I read all the news items about the Cell processor, and had three initial thoughts.

The first was, “This is just a PowerPC with little helpers.” The Cell processor is a PowerPC with eight extra floating point units and extra cache attached.

The second was, “How much is this Playstation 3 going to cost? The CPU takes up 221 sq. mm at 90nm, which is even bigger than 1Mb Hammers. Not exactly what you want in a cheap-by-PC-standards box, and this PS3 is supposed to have three of them?

The third was, “If IBM can’t make a 90nm 3GHz PowerPC for people who’ll pay a lot for it, how are they going to make a 4 or 4.6GHz one for people who won’t? And do it with 30 watts power? Either that 4/4.6 isn’t doing much work per clock cycle, or IBM has come up with some massive breakthroughs in process technology in the last few months. Somehow, I don’t think it’s the latter.

Then I thought a little bit more.

This CPU is built for parallelism from the ground up. That’s going to mean a whole lot more work (including learning) on the programming end. Granted, if you want to make a PS3 game, you’re not going to have a choice in the matter, but what about anything else?

And just what is all this wonderful hardware going to run on? The frontrunner would seem to be Linux, but why does the phrase, “One ring to rule them all and in the darkness bind them” keep going through my head when I think that?

Will IBM finally take over outside of a figleaf or two (they’re hardly going to wait around for people to do the necessary development in their spare time)? I’m sure they’ll let people continue to do free work, but when push comes to shove, you don’t think IBM is going to get its way? It would truly be one of the greatest ironies of all computing time if the Linux hobbits escaped the clutches of infinitely evil Microsoft just to get assimilated into IBM.
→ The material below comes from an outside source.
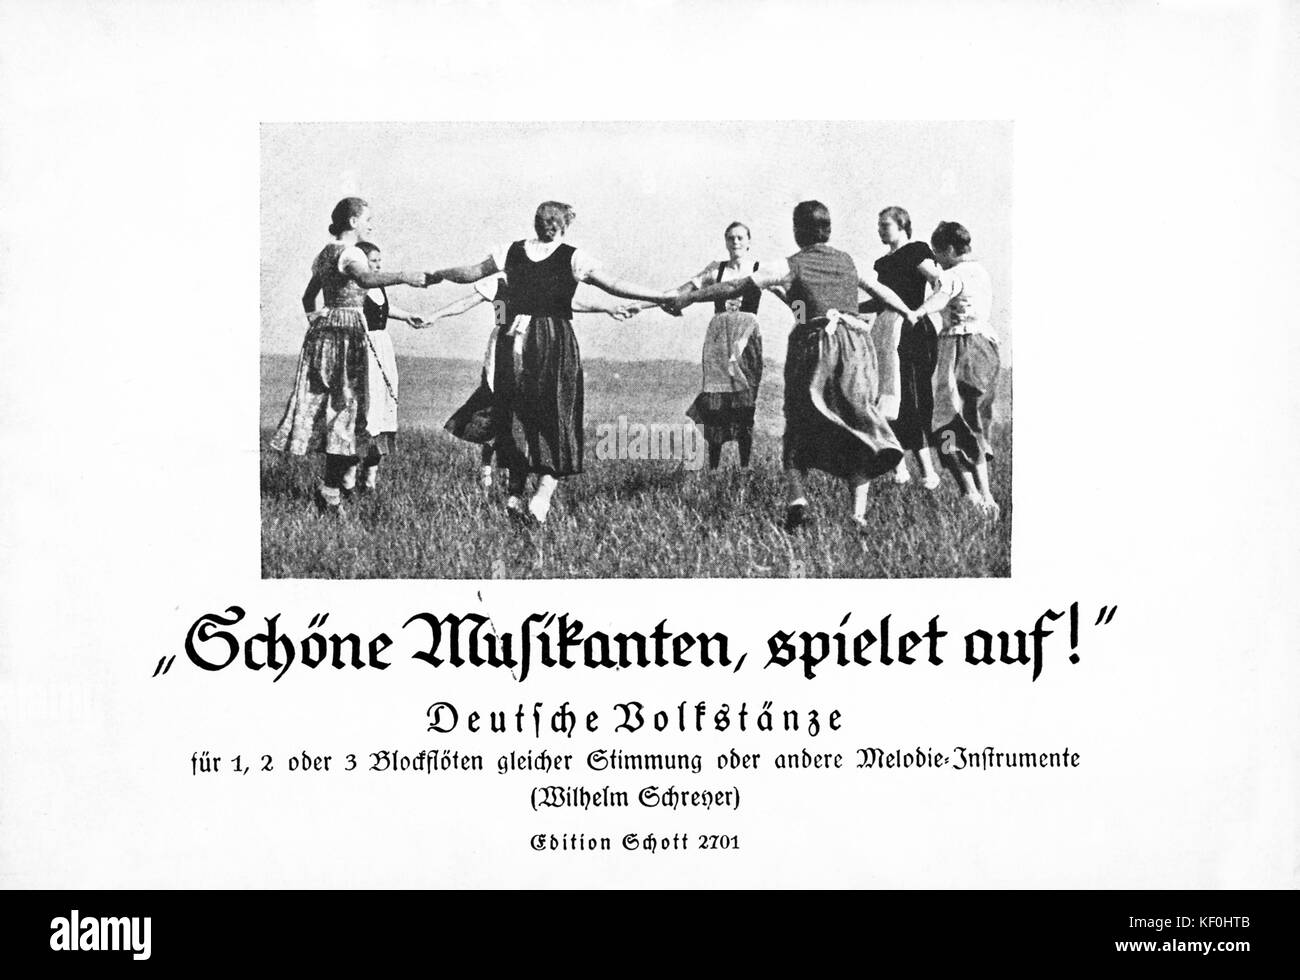 Wilhelm Schreyer 'Deutsche Bolfstanze'. Bildunterschrift: 'SMusikanten, Spielet auf!" (Spielen, schöne Musiker). Ergebnis decken. Von Schott, Leipzig, 1937 veröffentlicht. Stockfoto

Something IBM and Company didn’t seem to want to talk about very much were those tasks that could not be passed off to a floating-point unit. You’d think a 4Ghz+ PowerPC CPU would be something to talk about; that alone ought to do a number on anything AMD or Intel will have in the next couple years, but they didn’t.

Not OMG, But Good Enough?

My gut reaction to all this is that we’re getting hyped on all this, and what we’re going to end up seeing in something like a PS3 isn’t going to make companies like Intel and Microsoft or AMD evaporate on first contact.

However, even if you dismiss 80% of the claims as hype as it applies to the PS3, what remains would still be good enough to give those companies a very rough time.
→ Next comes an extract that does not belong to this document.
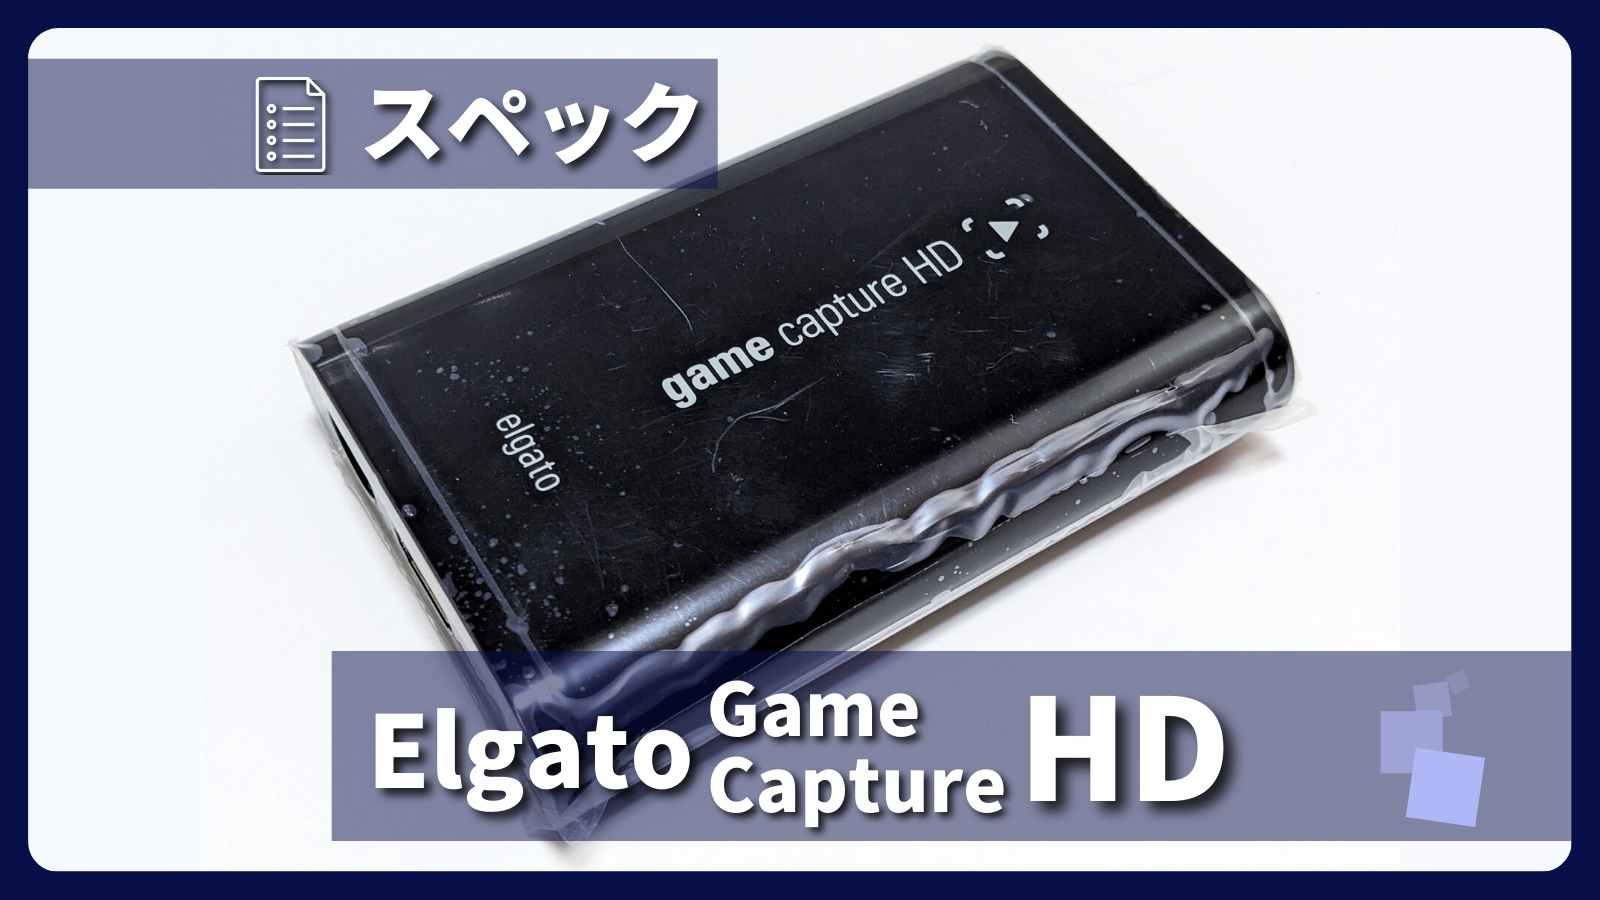 アイキャッチ画像・Elgato Game Capture HD スペック紹介

For instance, even given 65nm architecture, I just don’t see how you can have three of these processors in a cheapish PS3. Indeed, I suspect that those schematics we’ve seen of multi-Cell systems might be for the workstations we’ll see later this year.

Then again, even if there’s only one of them in there, if you’re a parent with a kid or two, a hot gaming box that can also handle typical PC functions OK would be awfully appealing.

The truth is, you don’t need something ten times better than today’s PC to beat Intel or Microsoft. All you need to get a stampede over the next few years is something somewhat better, cheaper, and most important of all, easier to use.

Yes, there will be XBox 2, which will be MS’s answer to all this. Only time will tell how those two will compete against each other.

However, it’s hard to see how the big eventual loser in any such competition won’t be the PS3 or XBox 2 makers, but the makers of the big boxes. If the little people don’t need the big boxes anymore, what happens to the PC industry?